# 1st bow kill - yall dont laugh now



## Loggerhead Mike (Sep 21, 2010)

hunting an older mans farm who wanted 10 does takin out. They've been eating all his beans and the bucks arnt getting any size to them. 

anyhoo, got in the stand 45 min before daylight. just as i could start to make stuff out I look down and see the outline of 2 deer stairing at me. As lights comming out and the mist is setting in I put my pin on the bigger of the 2 and WACK, i pulled it to the left about 6" and dead centerd a tree. my knee's were shaking so bad i had to sit back down

the noise made the nany run off about 20 yards and this youngin run straight infront of me 30yds out.
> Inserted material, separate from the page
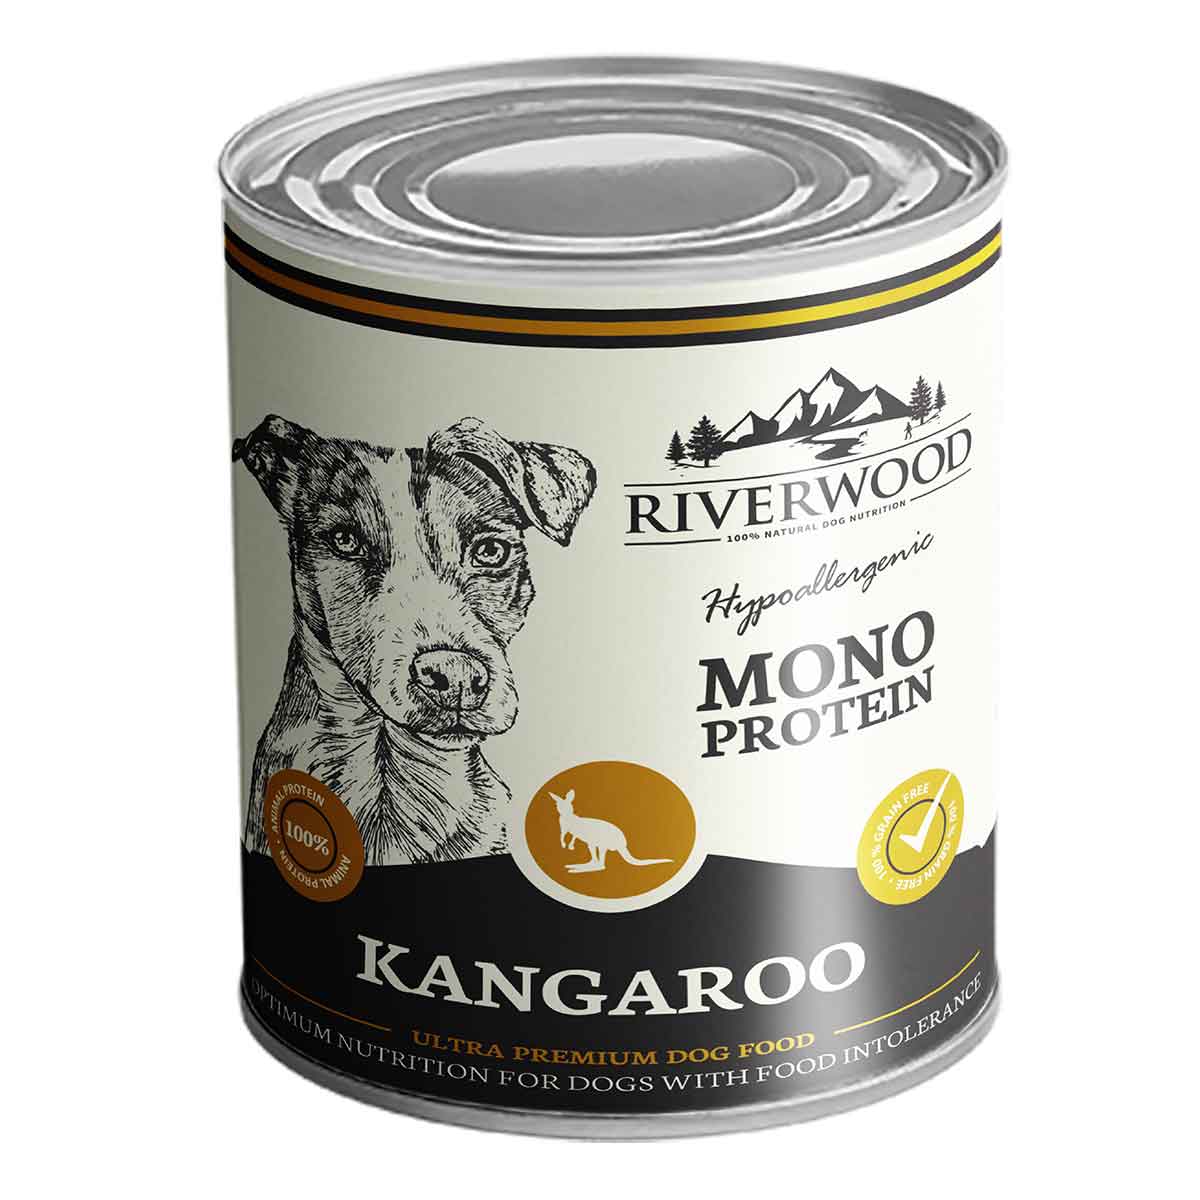 Riverwood Mono Proteine Kangaroo

Second bowshot on a deer was a success blowing threw the shoulder blades and the slicktrick cut its opposite front leg in half

I wouldnt shoot a youngin like this in the woods but if the farmer knew i passed him up he wouldnt let us come back. he says if it aint got horns the arrows better be flying

anyhoo, nobody told me shooting at a deer was so friggin hard w/ a bow







my buddy killed an 80lb doe from the same stand, same spot 2 days before. found his arrow next to mine

sorry for the crap pic. couldnt find the digi camera and my cell is a pos. the deer was bigger in person I promise :wink:


----------



## lswoody (Sep 21, 2010)

LOL!!! Way to go!!!!


----------



## sum-kina (Sep 21, 2010)

HAHA! YOU SURE THATS NOT ONE OF THE FARMERS GOATS.... :LMFAO: 
JK KIDDIN MAN!!!!!!
ANY DEERS A GOOD KILL ESPECIALLY WITH A BOW!!!


----------



## wasilvers (Sep 21, 2010)

That's a prize for sure, anyone can hit a full size deer, but you managed to hit a halfsize target at a good distance and make a great kill. :wink: 

Congrats


----------



## breachless (Sep 21, 2010)

Those younger deer are much better eating too!


----------



## Loggerhead Mike (Sep 22, 2010)

haha thanks. i fry'd up the sweet meat yesterday, had to beat my old lady off of it with a stick #-o :mrgreen:


----------



## Jim (Sep 22, 2010)

congrats man! =D>


----------



## FishingBuds (Sep 22, 2010)

Yea, done that size and would anytime, Im a meat hunter period.

Awsome hit =D>


----------



## dyeguy1212 (Sep 22, 2010)

any bow kill is a trophy =D> 

Nicely done!


----------



## BassBlaster (Sep 22, 2010)

Congrats on the first bow kill!! I hunted with a Ruger SRH last season for the first time and killed one about that size with it. All my buddys laughed at me but I dont think they realized how hard it was to hit that little thing with a pistol!!


----------



## Quackrstackr (Sep 22, 2010)

Congrats.

Those little ones are tender. :wink:


----------



## lbursell (Sep 25, 2010)

Congrats on your first bow kill. Young ones taste alot better. Anyway, I never heard of anybody eatin' antlers.


----------



## hardwatergrampa (Oct 3, 2010)

congrads lot better then track soup 3 more weeks till till deer season here


----------



## weezer71 (Oct 3, 2010)

I have yet to get one with my bow, so congrats! Besides....much more tender!!!


----------